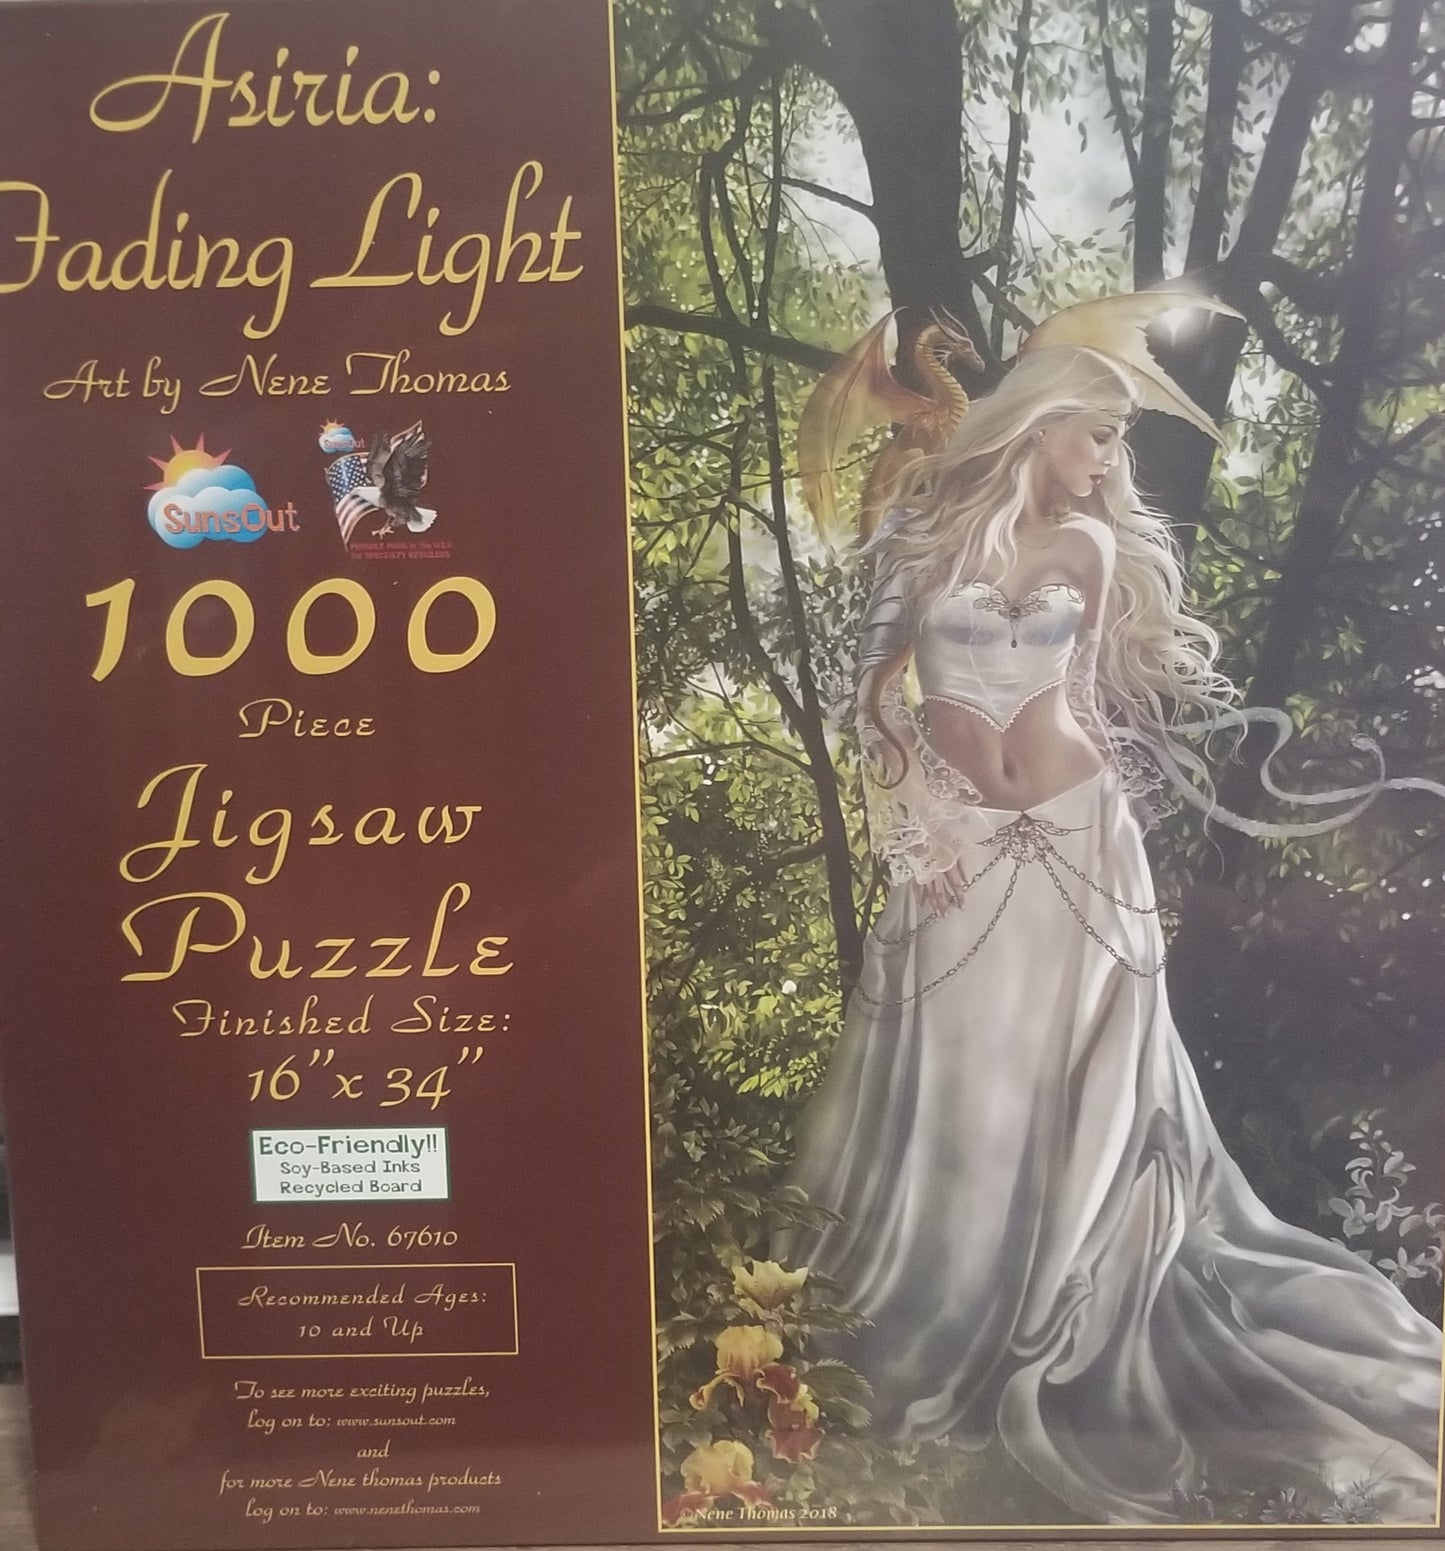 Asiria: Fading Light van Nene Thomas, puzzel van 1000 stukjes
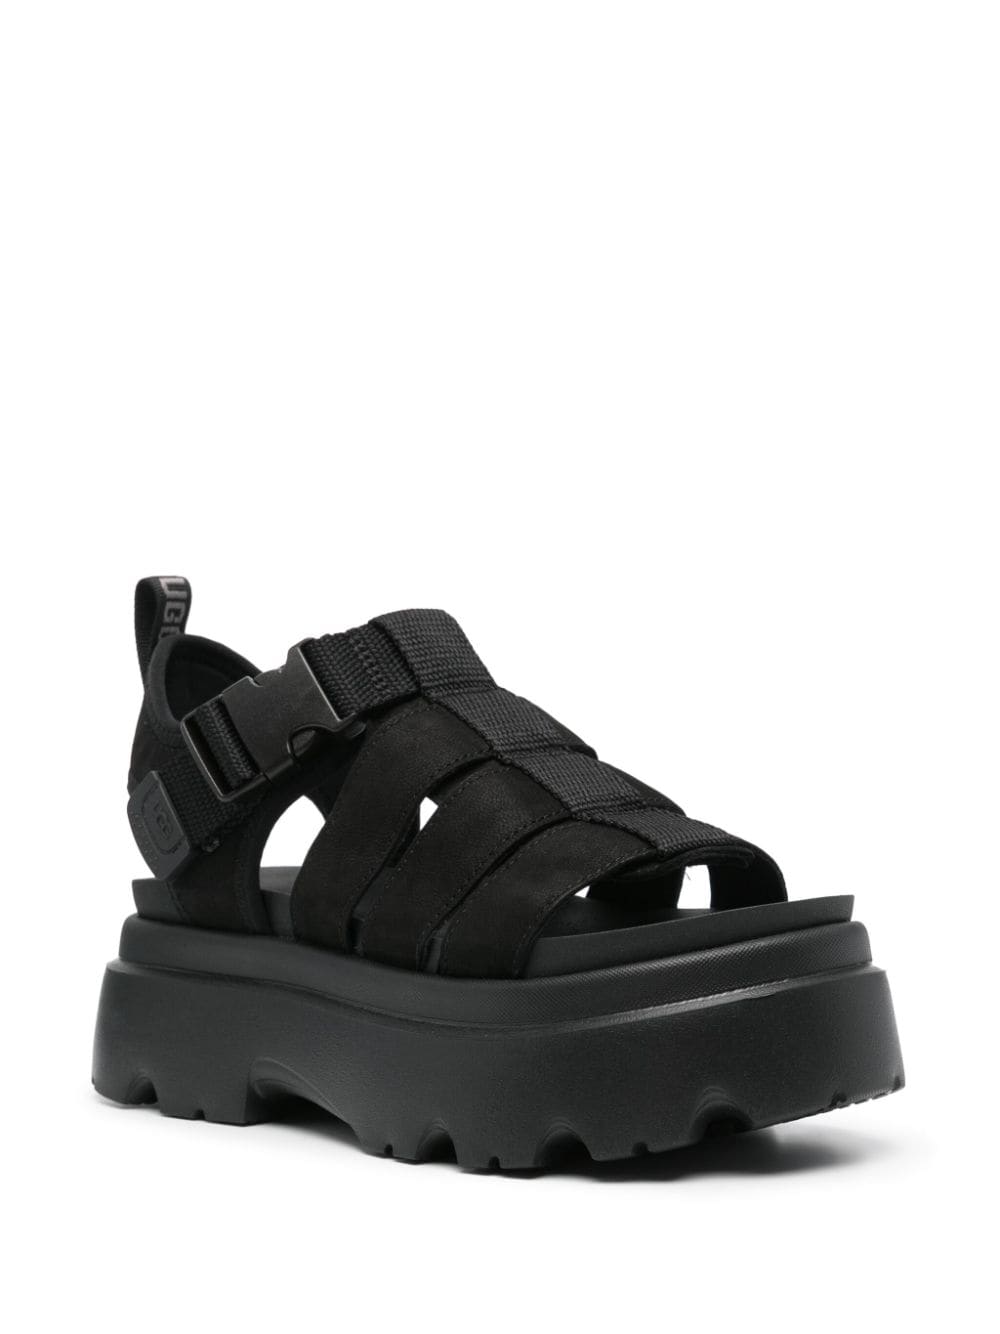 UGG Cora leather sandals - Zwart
---
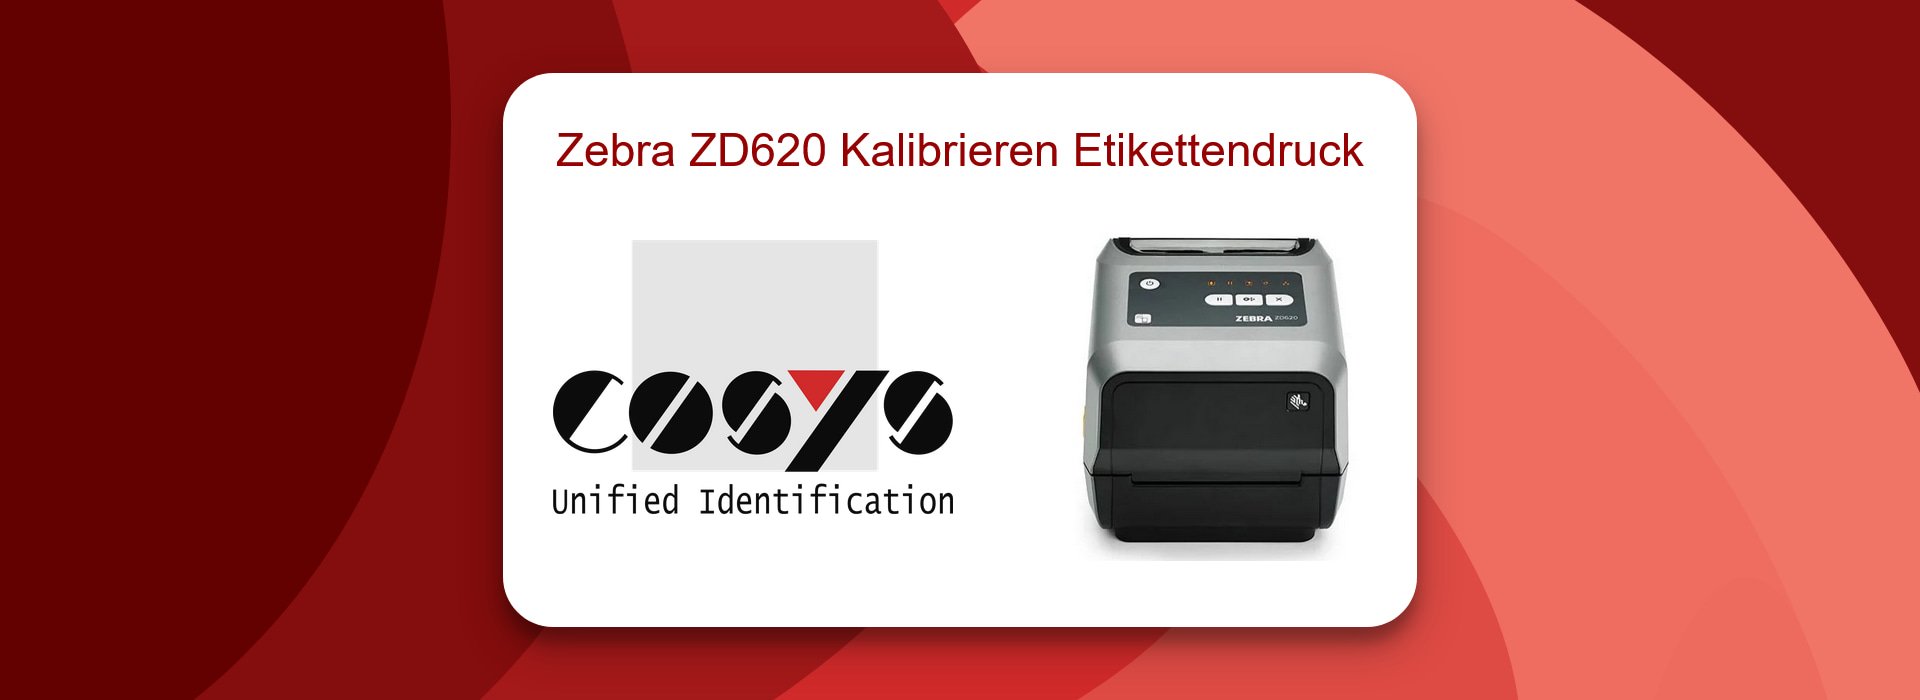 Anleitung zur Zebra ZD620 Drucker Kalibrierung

**The task**: Take the material above from the line containing "Asiria: Fading Light" up to and including the line containing "UGG Cora leather sandals - Zwart" and retype it exactly, without any pictures.

**Solution to this problem**:
 Asiria: Fading Light van Nene Thomas, puzzel van 1000 stukjes
 UGG Cora leather sandals - Zwart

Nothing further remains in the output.